Numerous studies have demonstrated α-γ coactivation during locomotion - the simultaneous activation of α-motoneurons and homonymous γ-motoneurons. During spontaneous locomotion in decorticated cats, γ-activation typically precedes α-activation. In cases of limb deafferentation, γ-activation can occur even in the absence of α-activation, indicating that γ-motoneurons are more sensitive to central commands compared to α-motoneurons.

Fusimotor activation involves both static and dynamic γ-motoneurons. However, the ratio of static to dynamic γ-motoneuron activation differs between flexor and extensor muscles. In flexor muscles, the static effect of γ-motoneurons on muscle spindle sensory endings predominates and masks the dynamic effect. In extensor muscles, along with the static effect, a pronounced dynamic action is observed. In terms of impulse activity patterns, γ-motoneurons differ significantly from α-motoneurons. During locomotion in decorticated, mesencephalic, and spinal cats, the discharge frequency of γ-motoneurons shows strong dependence on movement intensity: higher locomotion intensity corresponds to higher discharge frequencies. This in turn leads to increased firing rates of muscle spindle afferents. Although α-motoneurons have a mechanism of recurrent inhibition, its role and dynamics (tonic and phasic changes) during locomotion remain incompletely understood. It is known that: 

  1. Administration of DOPA to spinal cats enhances recurrent inhibition of α-motoneurons [16]. 
  2. In spinal cats after DOPA administration, stimulation of group Ia afferents (Ia afferents) induces: 
  3. prolonged (>250 ms) suppression of recurrent IPSPs in extensor motoneurons; 
  4. inhibition of Renshaw cell responses to ventral root stimulation. 
  5. During locomotion in mesencephalic cats, recurrent inhibition of α-motoneurons is suppressed, and this suppression begins already during passive limb movements [17]. 

Although the reflex action of Ia afferents weakens during activation of spinal locomotor centers, it can be assumed that afferent input plays a key role in suppressing recurrent inhibition: in spinal cats after DOPA administration; during locomotion in mesencephalic animals. 

This is supported by data showing that: 

  1. Renshaw cell discharges are effectively inhibited during natural skin stimulation; during bursts of Ia afferent impulses. 
  2. During fictive locomotion in thalamic cats (when phasic afferent input is eliminated by immobilization), Renshaw cell excitability does not differ from the resting state; it does not depend on the phase of the step cycle. 

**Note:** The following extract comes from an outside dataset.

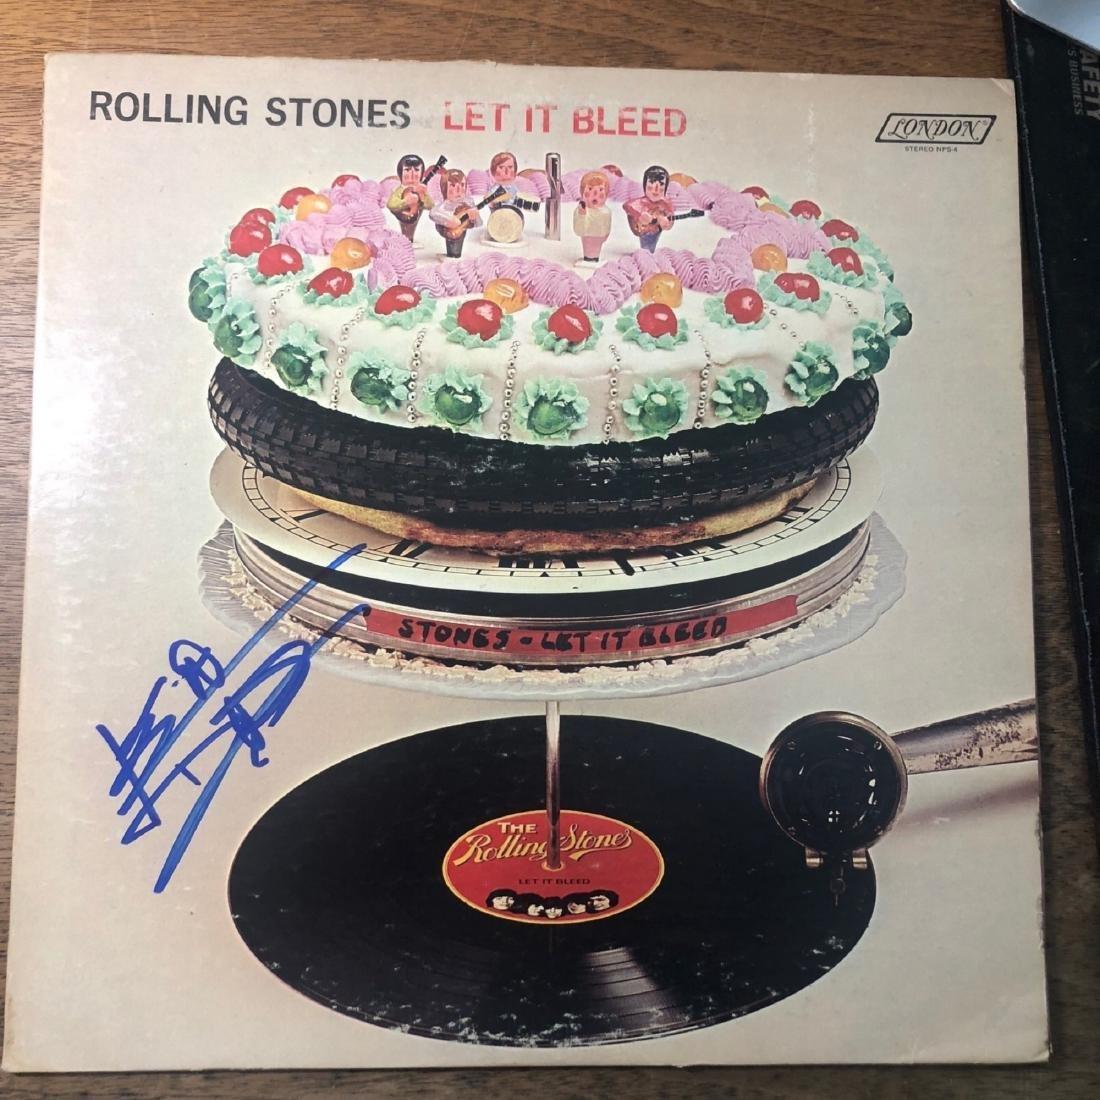 Signed Rolling Stones Let It Bleed Album

Most Renshaw cells exhibit burst activity during fictive locomotion: bursts occur in a specific phase of locomotion at a frequency of 5–15 imp/s; in the opposite phase, the neurons are inactive. 

Studies of recurrent IPSPs in motoneurons have shown that during fictive locomotion, phasic inhibition of Renshaw cells is absent; the observed fluctuations in IPSP amplitudes may be associated with changes in membrane potential during periodic burst activity of motoneurons.

Thus, during fictive locomotion in thalamic cats, the efficacy of recurrent inhibition of α-motoneurons remains unchanged. However, the question of possible tonic changes in the efficacy of recurrent inhibition in thalamic animals compared to spinal ones remains open [18].  It is known that γ-motoneurons also undergo recurrent inhibition from Renshaw cells. This phenomenon has been described in spinal cats after DOPA administration. However, there is a lack of data in the literature: on changes in the efficacy of recurrent inhibition of γ-motoneurons following DOPA administration; on its dynamics during locomotion.  The question of modulation of recurrent inhibition in Ia interneurons during locomotion also remains unresolved. Feldman and Orlovsky, in studies on four Ia interneurons in mesencephalic cats, found that: 

  1. in two neurons, the efficacy of recurrent inhibition decreased during locomotion; 
  2. in the other two, it remained unchanged. 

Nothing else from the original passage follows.